What I have described above, is my best attempt at an optimised optimised architecture within a dual-socket machine. Beyond this, you are looking at quad-socket architecture which requires rack-mounting and the prices get stupid (£60,000+ for a similar system to this!!). But, if you were to price this all up, it would set you back somewhere in the region of £15,000 (depends on your country of residence)
Very expensive for your average person to afford...
My build, using similar design philosophy
CPU = Ryzen Threadripper 24-CORE / 48-Threads 3960X 4.50GHZ
RAM = 2x G.Skill F4-3600C17D-32GTZR 32 GB (16 GB x 2) Trident Z RGB Series DDR4 3600 MHz
GPU = Gigabyte AORUS GeForce RTX 2080 Ti XTREME 11G
HDD = Corsair MP600 Force Series, 1 TB High-speed Gen 4 PCIe x4, NVMe M.2 SSD
These are the main components I have put together following the same ethos as above. Some consumer CPUs come with quad-channel architecture, meaning if I applied the same logic as the Intel Gold, 12-cores (ignoring hyperthreading) will be the optimal balance point of wait times vs. transfer and solve times. AMD released their Ryzen 9 which sadly, are only dual-channel (thanks ME4ME), and so the 24C Threadripper with its decently high clock speed to boot, makes for a good choice here. I need 4x sticks of RAM here to maximise the quad-channel capability, but with an 8x DIMM slot motherboard, I opted to go for 4x16Gb for a 128Gb max... realistically, if I wanted to solve something at home that was bigger than 100 million elements or so, I would rethink my strategy! I chose 64Gb to start because of what I intend to do, but so long as you have four sticks to exploit all four channels, that is the main thing. The RAM speeds do give you incremental gains as you go above the CPU frequency, however, with diminishing returns beyond 3600MHz, and most of the time, getting a lower-latency RAM (i.e. CL14 ish) is the better choice. The GPU was a tricky one... the 2080Ti is ridiculously expensive, and whilst I could get away with a lower spec card just fine, I do enjoy quite a bit of gaming too... So this was driven by wanting to ensure I would be able to handle anything I threw at it, whilst having plenty of RAM to create the CFD renderings I might want to do. Also, the 3rd gen Threadrippers have stepped up their gaming potential quite a lot compared to 2nd gen, and given that multi-threading in gaming is starting to appear on the horizon, I definitely think that it will do me quite well. Finally, the HDD was an easy one: Gen 4 PCIe technology means I needed one of those, and so sticking to Samsung or Corsair usually means you can't go too wrong.

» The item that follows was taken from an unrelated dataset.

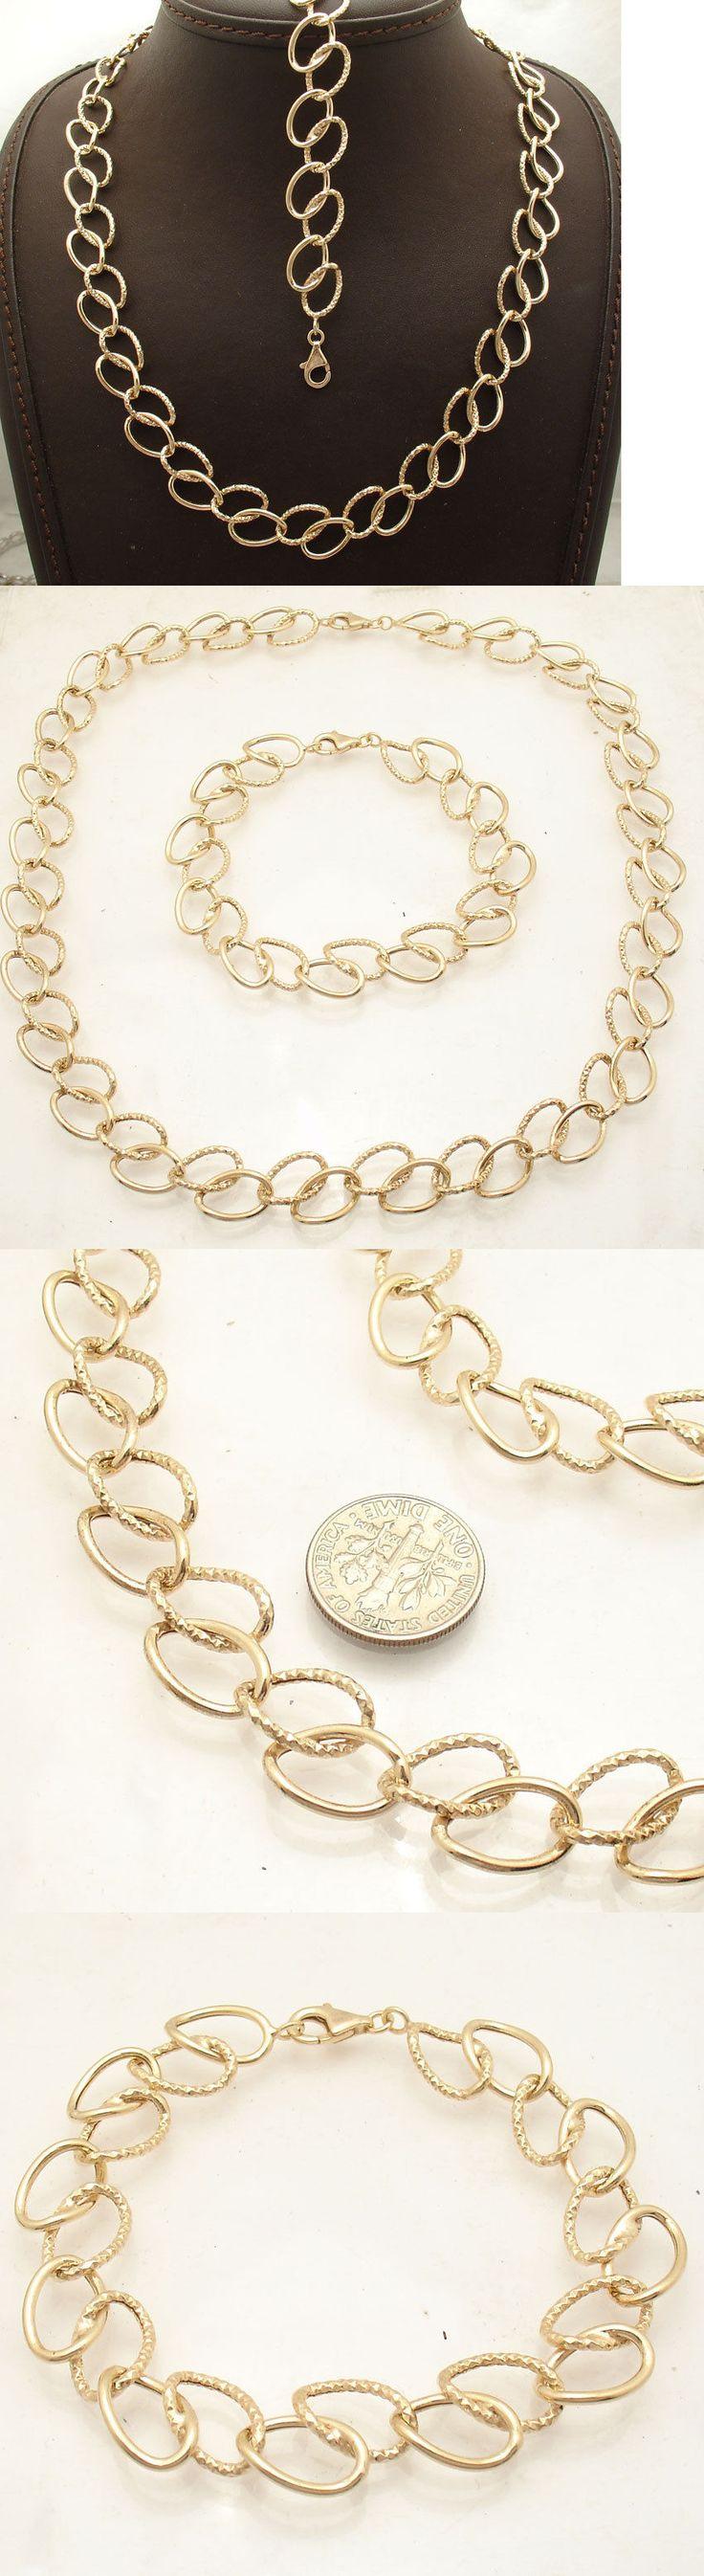 Precious Metal without Stones 164325: Technibond Diamond Cut Curb Bracelet Necklace Set 14K Yellow Gold Clad Silver BUY IT NOW ONLY: $65.87

There are a few other components which had some thought into them too. The power supply is rated to 1200W even though I only should need somewhere around 850W, somewhat out of wanting to never really stress it so the fans could remain quiet (PSU fans are by far the most noisy in the case in my experience), and for only £40 more, I figured it was worth it. For cooling, water is nice and can look really slick, however, it is arguable whether it is worth the extra hassle. For now, Noctua (who make the best fans in the world) have released an all black Chromax series allowing you to fully kit out your case fans and RGB air cooler block with their quiet and high performing fans - also, they are one of the few brands which have a plate that fully covers the TR4 socket size, which is a good thing. I might change this to either a 280mm or 360mm AIO, but we will see how I feel. Finally, the motherboard I chose was the ROG Zenith II Extreme (Socket STRX4) E-ATX, which has a massive 64 PCIe lanes, and allows for overclocking your threadripper to a very stable 4.0GHz (yes... I know I said don't... but this is my build, and I have control over the motherboard and cooling when most distributors do not allow you that same freedom!!) which also gives me the ability to ensure good CPU->RAM communication speeds, and its ability to accept 8xDIMM up to 128Gb of RAM -- something I may splash out for at some point in the future should I need it. Finally, we all know... A build this sick needs some good ol' RGB so I have a bunch of that coming with the case (Fractal Design Define S2 Vision Blackout) and lighting kits - but worry not, this won't be some tweenies RGB vomit comet... it will most likely be a slow pulse between a couple of colours... maybe white to blue?
Final Thoughts
Ultimately, if you are looking to just have a play around, any old machine is capable of running simple cases. There is no reason to go into this much detail unless you really care about min-maxing your build. I went to this level for my work, and learnt a lot, which has helped me to feel better about choosing components for my personal build, which is around the £4,000 mark. Once again, not everyone can afford this, however, what I hope you will take from all this information is that, so long as you follow the same way of thinking, you can net yourself some pretty significant gains in performance, often for cheaper too (the concept of 4x4Gb RAM sticks over 2x8Gb to exploit the full quad-channels, springs to mind). Of course, maybe this is just me being some kind of engineering knowledge-whore who enjoys the challenge too, but hey...